Plasmid isolation is a common task in molecular biology laboratories. Tasks as simple as amplifying a plasmid vector to complex tasks like gene therapy and gene manipulation involves plasmid isolation steps.
Several methods have been described to isolate plasmid from E. coli. These methods take advantage of plasmid small size and its covalently closed circular structure to separate plasmid DNA from genomic DNA. All these methods have the following common steps:
- Culturing of plasmid-containing E. coli cells
- Purification of plasmid
Step 1: Culturing of plasmid-containing E. coli cells
- A sufficient amount of plasmid-containing bacterial cells is the starting point of all plasmid isolation procedures. Usually, a liquid culture that is prepared by inoculating a single colony of E. coli is used for harvesting bacterial cells for plasmid isolation. Depending on the needs, a liquid culture can be scaled up to any volume. The term “miniprep” (2- 5 ml initial culture volume), “midiprep” (10 – 25 ml initial culture volume), and “maxiprep” (100 – 250 ml initial culture volume) are used for different initial culture volumes.
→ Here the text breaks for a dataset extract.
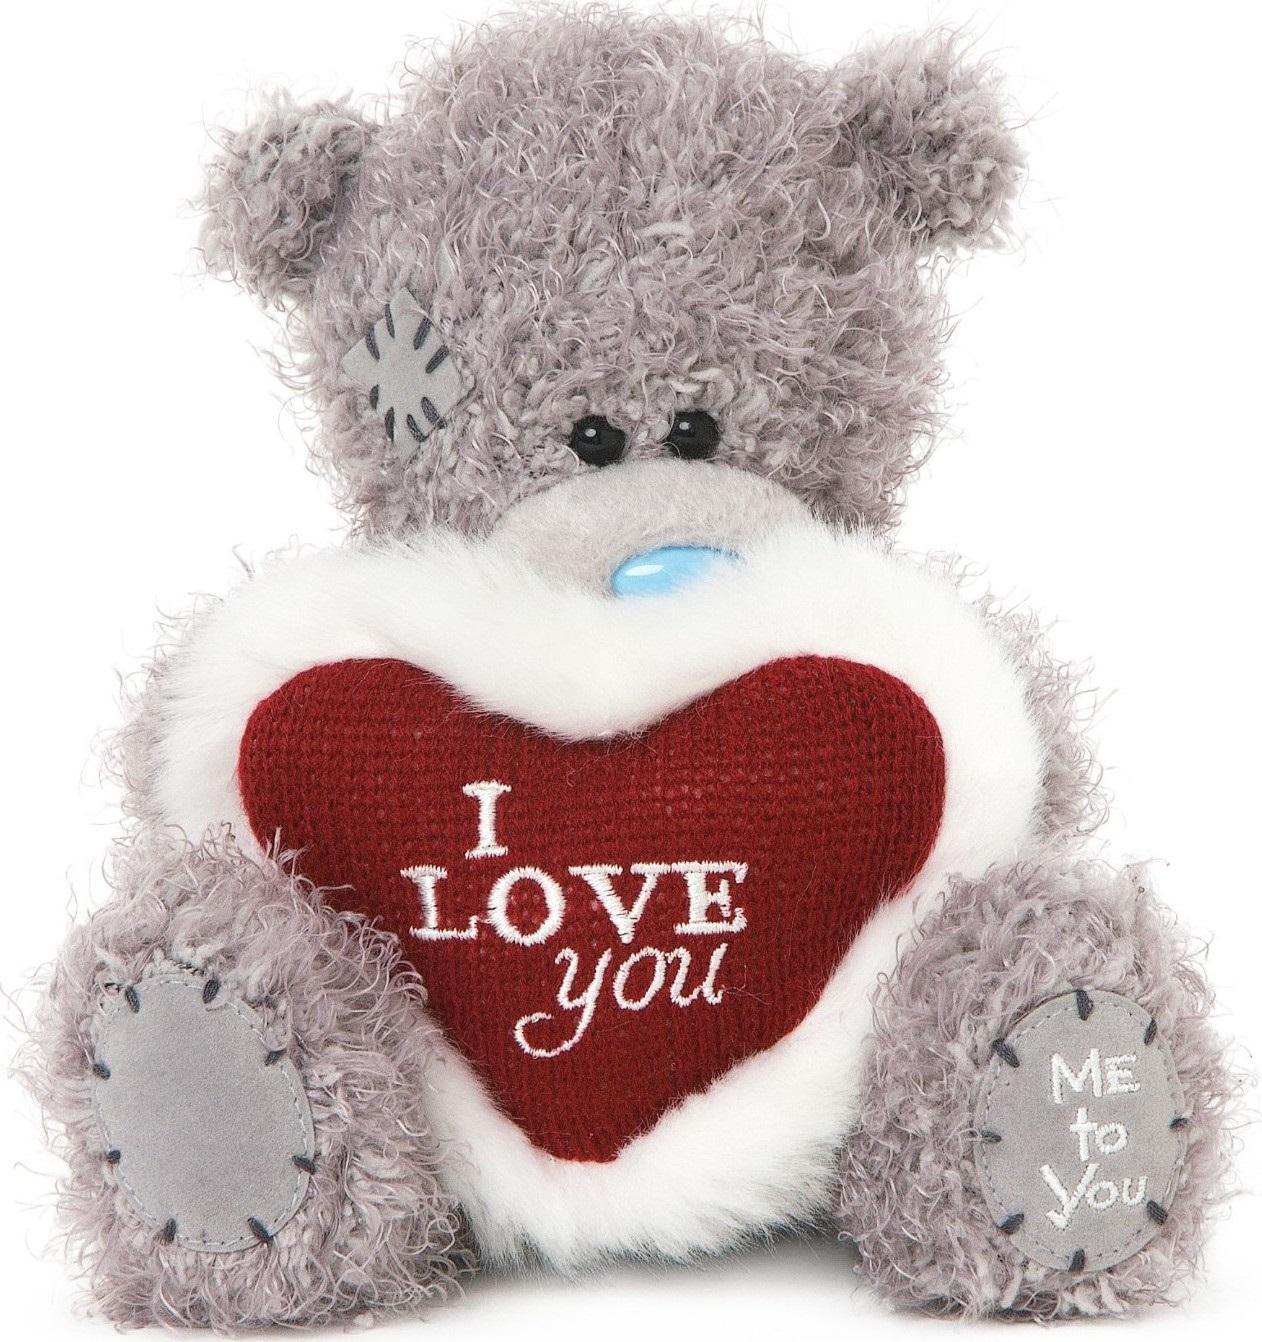 Me to You Medvídek se srdcem s nápisem I Love You 15 cm

- A well-grown colony can also be directly taken from an LB-agar plate for the miniprep of high-copy number plasmids. It can provide enough plasmid DNA which is sufficient for few restriction digestion/PCR reactions, therefore is useful for screening of a large number of clones.
- Many factors including E. coli strains, copy number of plasmid, initial culture volume, affect the quality and quantity of plasmid. Choosing the right method is key to obtaining a suitable quantity and quality of plasmid DNA that suits your need and the particular application. For example, transfection grade plasmid must be of high quality, devoid of any impurities.
- Several culture mediums are available to grow E. coli. LB liquid broth is most commonly used to grow E.coli DH5𝝰 for plasmid isolation. Chloramphenicol can be used to increase the yield low copy number plasmid. Other rich culture mediums, e.g., Terrific Broth, Super Broth, etc can also be used which supports better growth of E. coli than LB broth.
- Culture medium composition, culturing temperature and time, bacterial strain, shaking speed are important to grow a healthy culture of bacteria.
Step 2: Harvesting of bacteria from liquid culture
- Harvesting of bacterial cells from liquid culture is usually done by centrifugation.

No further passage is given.